**What the exercise asks:** First find the line with "Columbia Police are", then reproduce it and all following lines of the data to the end, exactly and with no pictures, adding nothing.

**Given information:**
····················

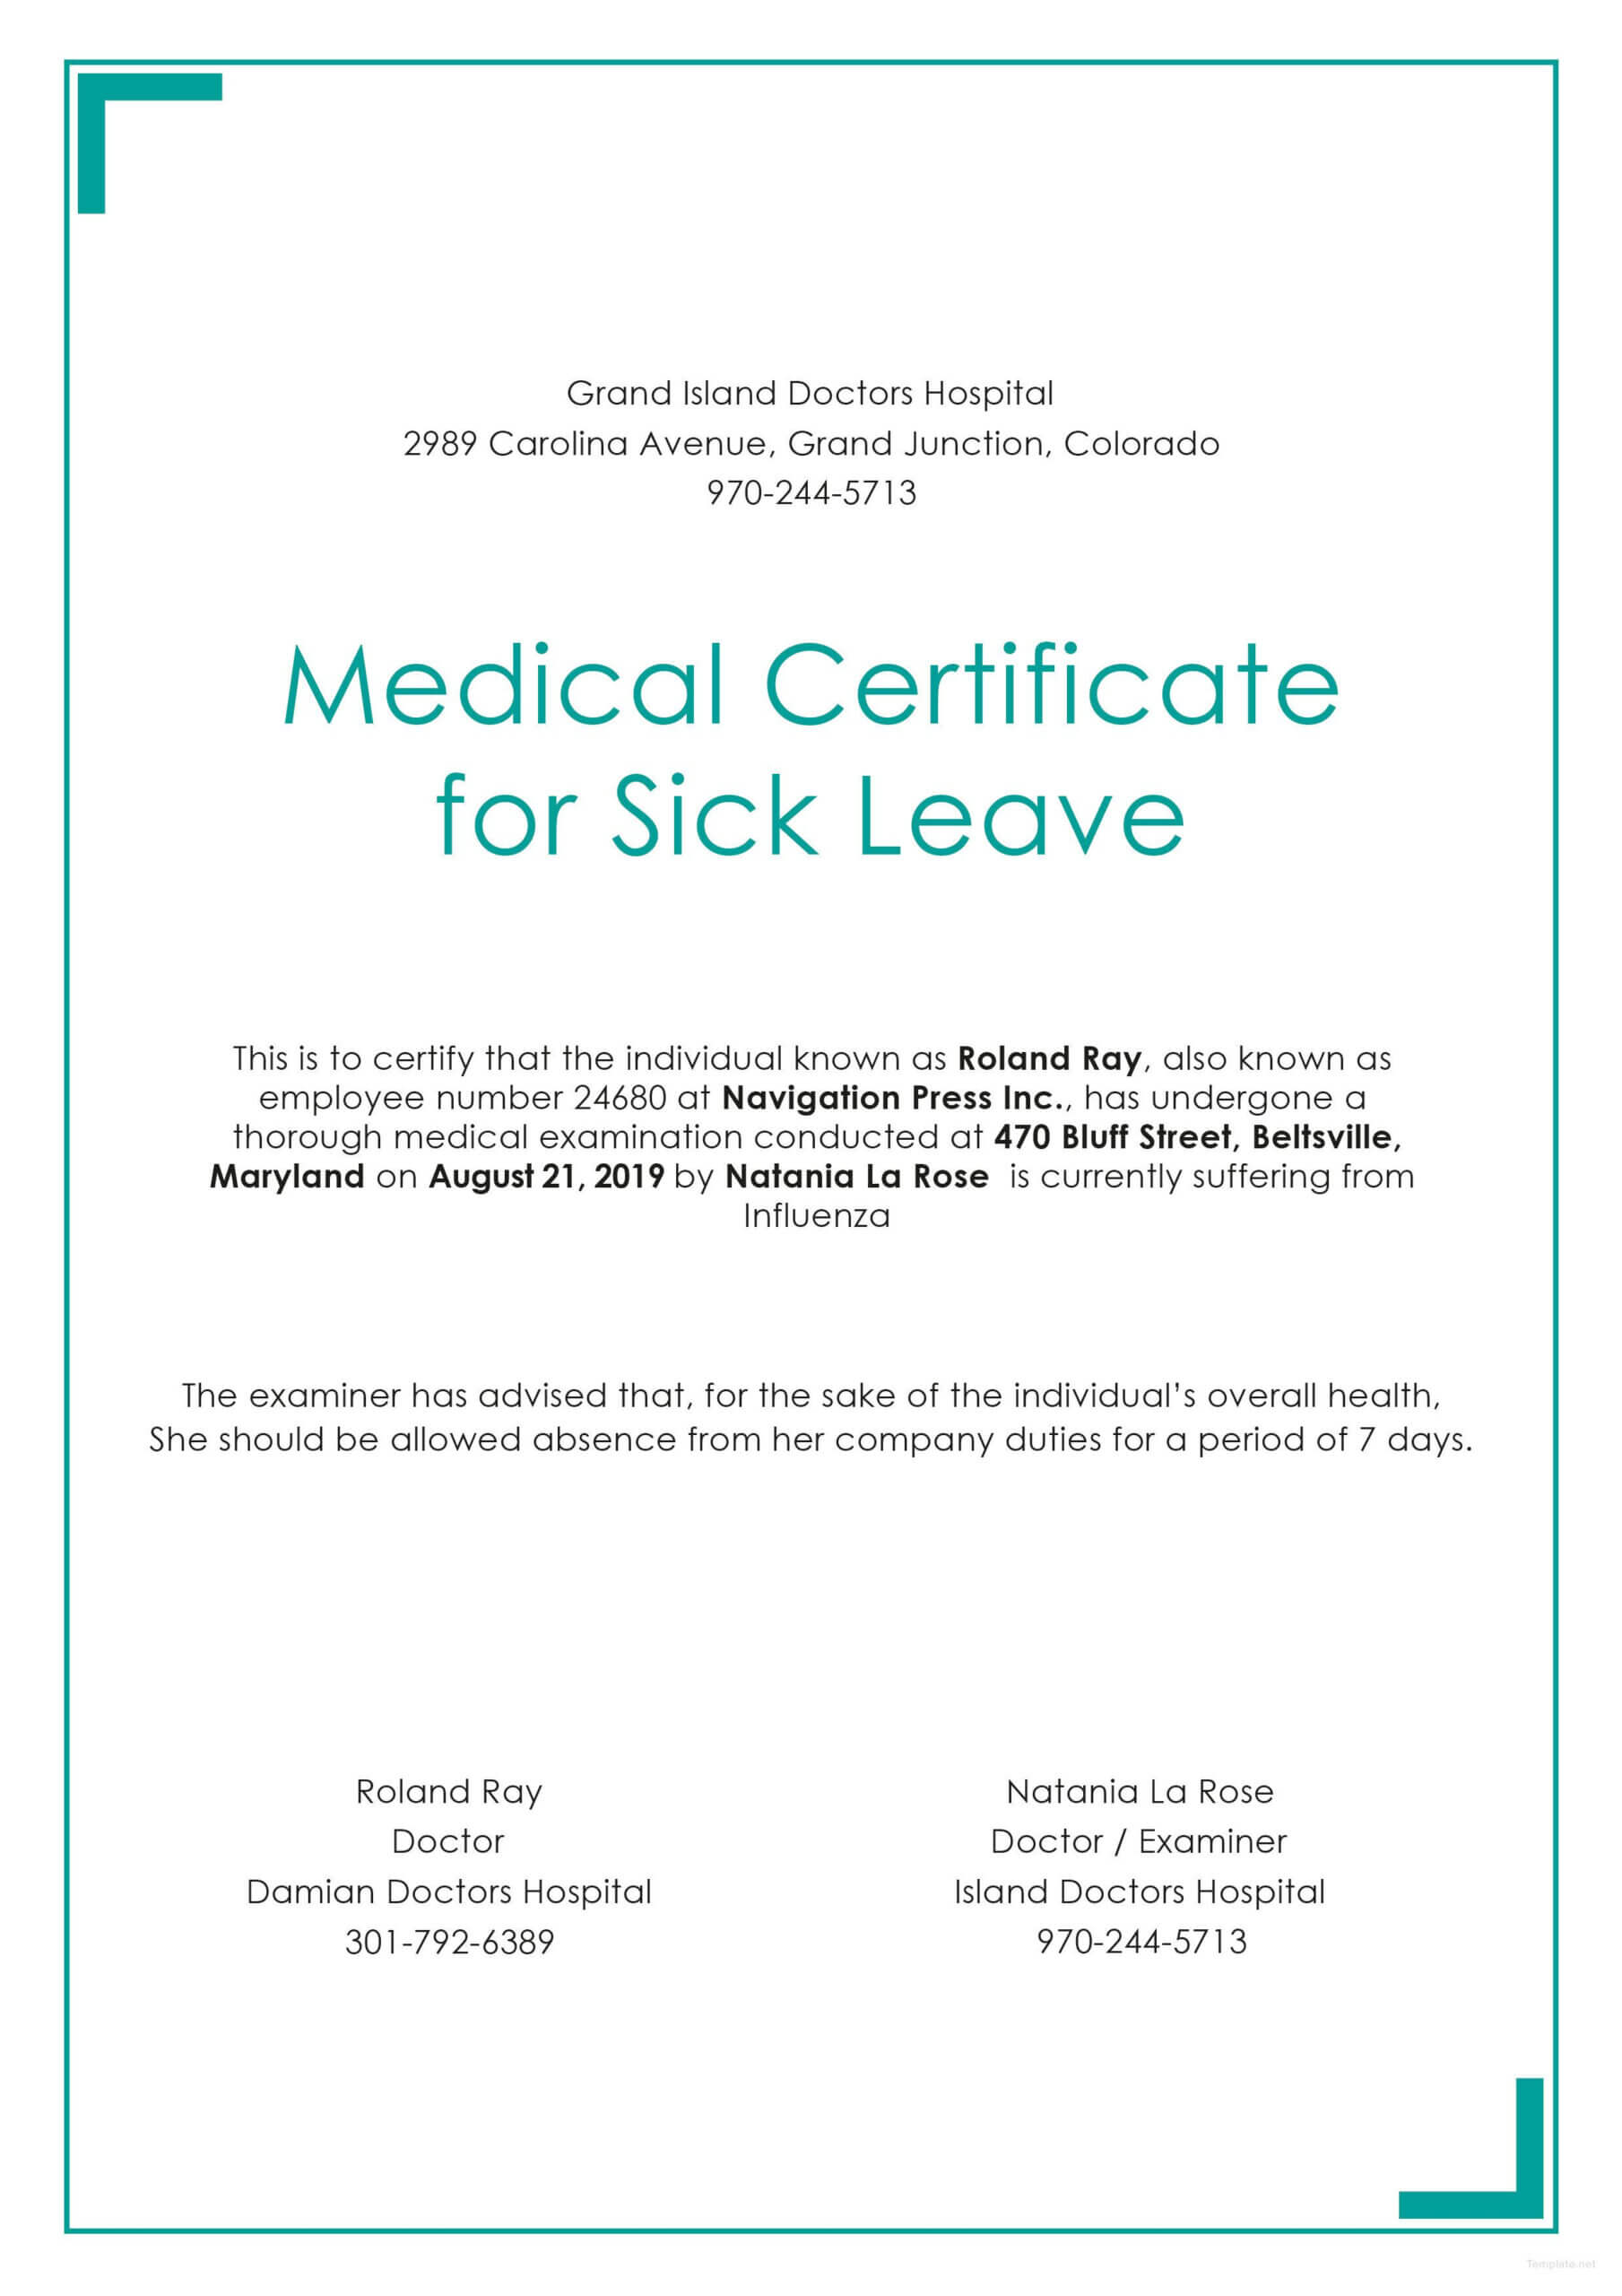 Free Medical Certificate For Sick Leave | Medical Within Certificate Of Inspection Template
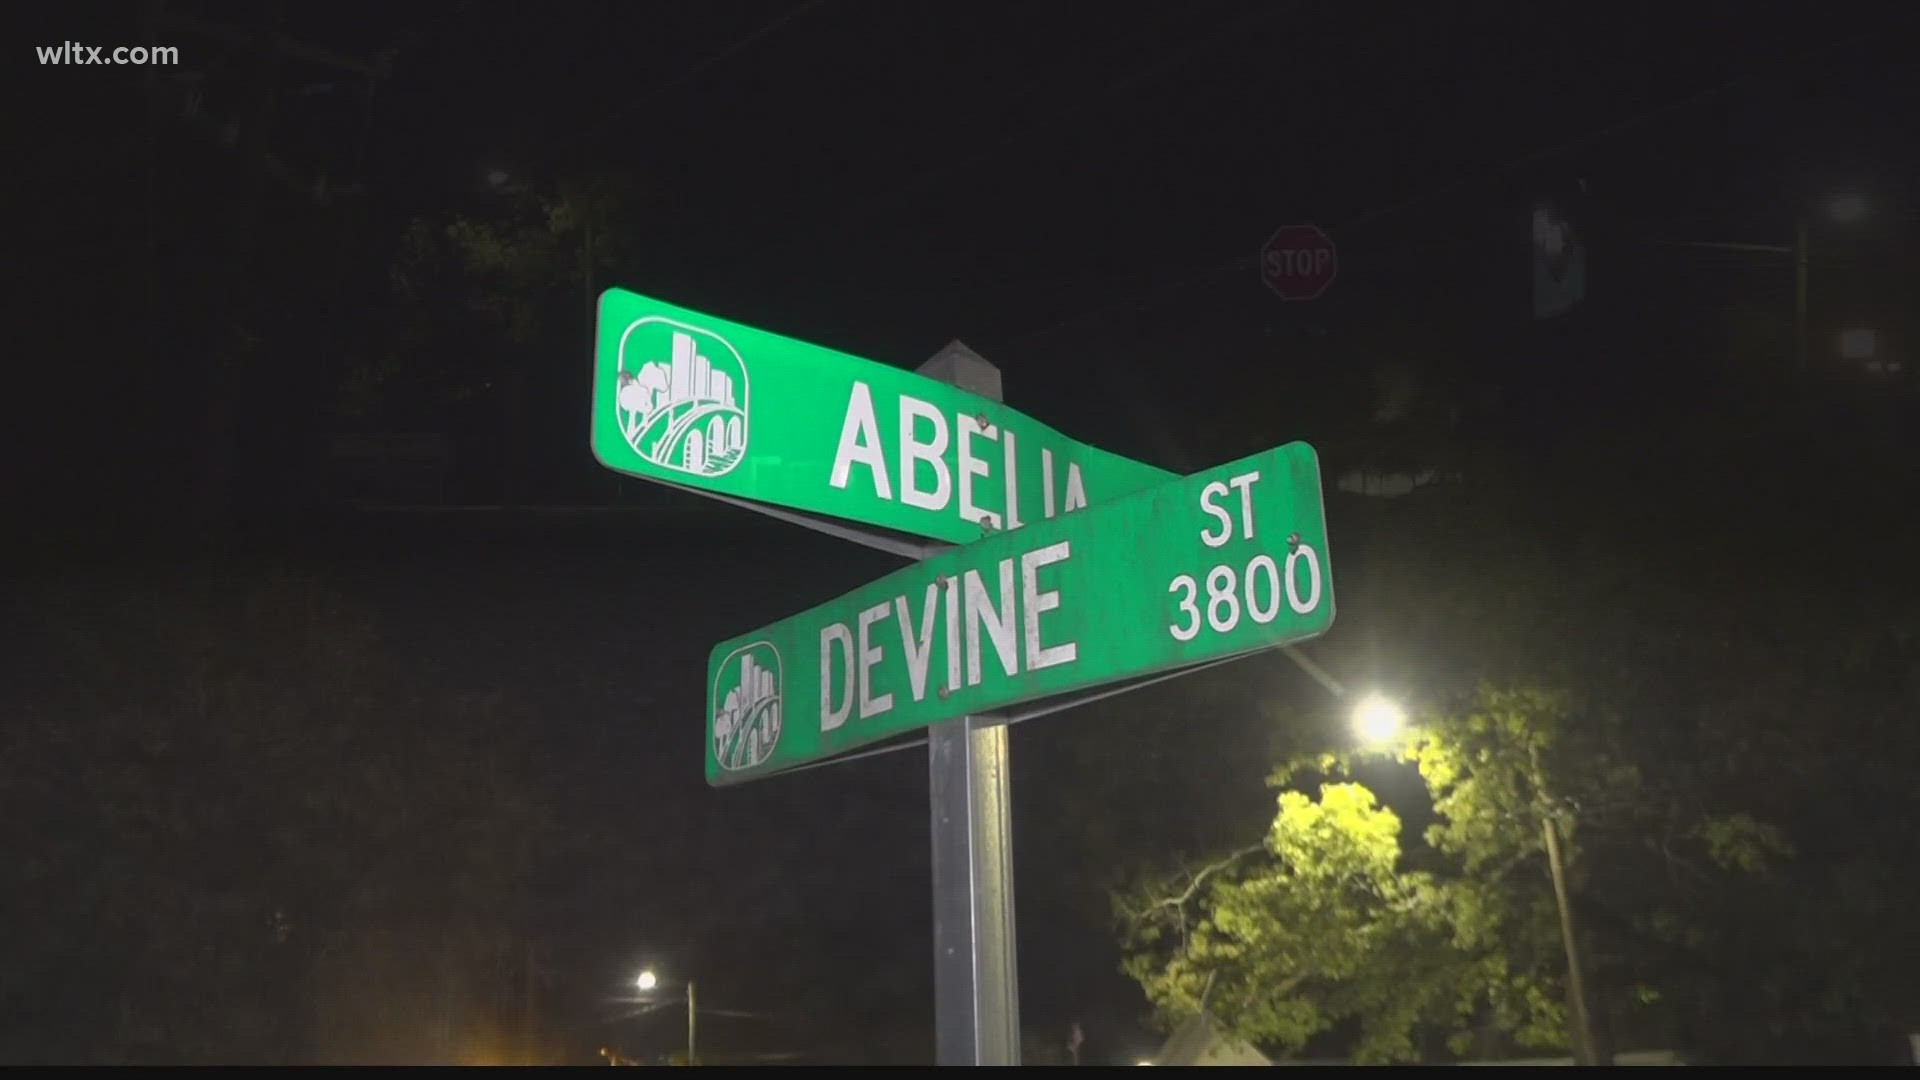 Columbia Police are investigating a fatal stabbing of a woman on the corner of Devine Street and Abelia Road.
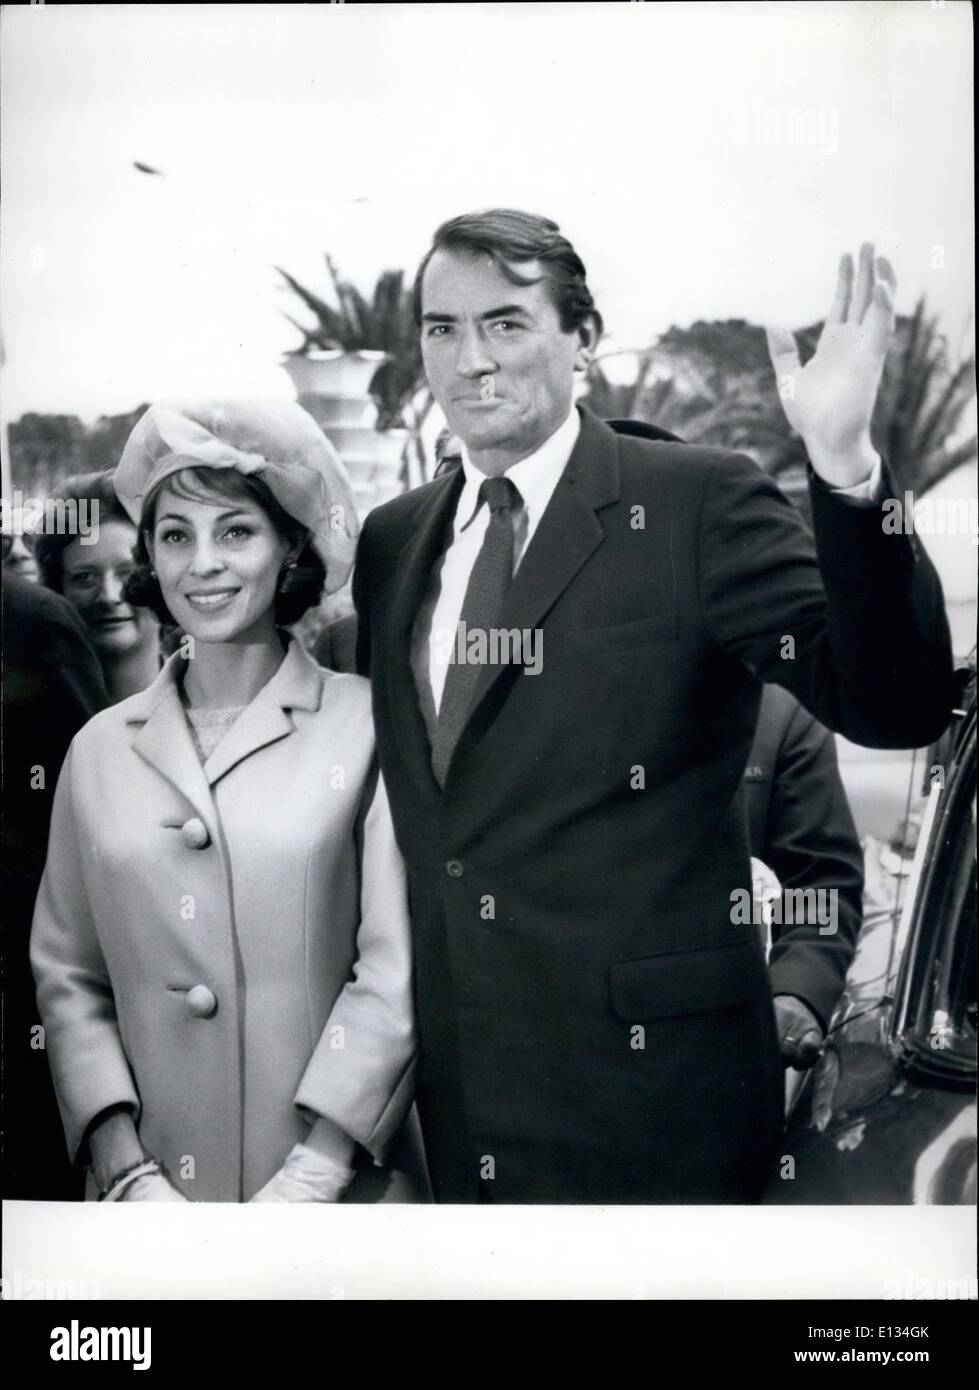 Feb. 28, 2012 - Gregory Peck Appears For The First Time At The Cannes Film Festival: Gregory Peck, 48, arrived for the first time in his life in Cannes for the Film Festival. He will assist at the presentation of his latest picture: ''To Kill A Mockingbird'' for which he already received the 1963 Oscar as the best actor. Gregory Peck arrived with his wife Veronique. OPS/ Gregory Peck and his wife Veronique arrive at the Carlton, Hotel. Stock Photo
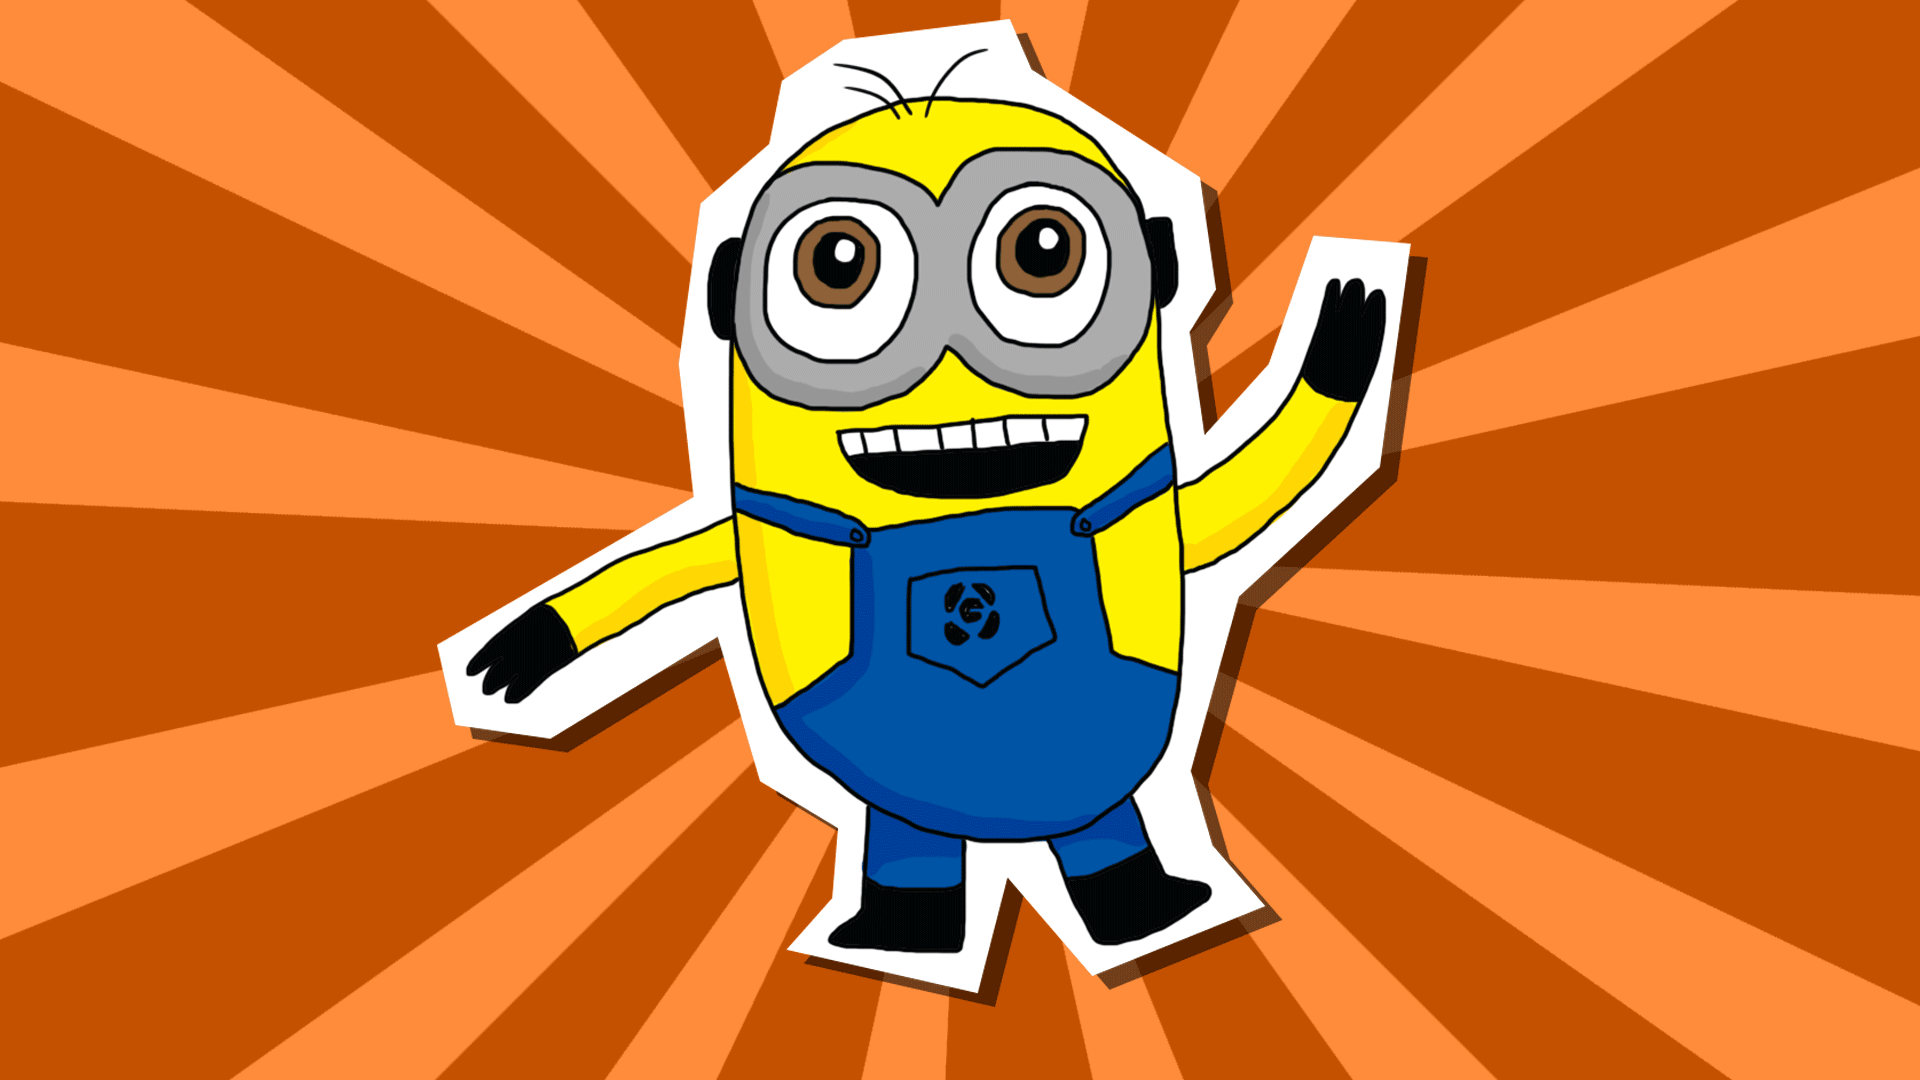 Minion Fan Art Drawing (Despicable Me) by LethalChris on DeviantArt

····················

**Response below:**
 Columbia Police are investigating a fatal stabbing of a woman on the corner of Devine Street and Abelia Road.
 Feb. 28, 2012 - Gregory Peck Appears For The First Time At The Cannes Film Festival: Gregory Peck, 48, arrived for the first time in his life in Cannes for the Film Festival. He will assist at the presentation of his latest picture: ''To Kill A Mockingbird'' for which he already received the 1963 Oscar as the best actor. Gregory Peck arrived with his wife Veronique. OPS/ Gregory Peck and his wife Veronique arrive at the Carlton, Hotel. Stock Photo
 Minion Fan Art Drawing (Despicable Me) by LethalChris on DeviantArt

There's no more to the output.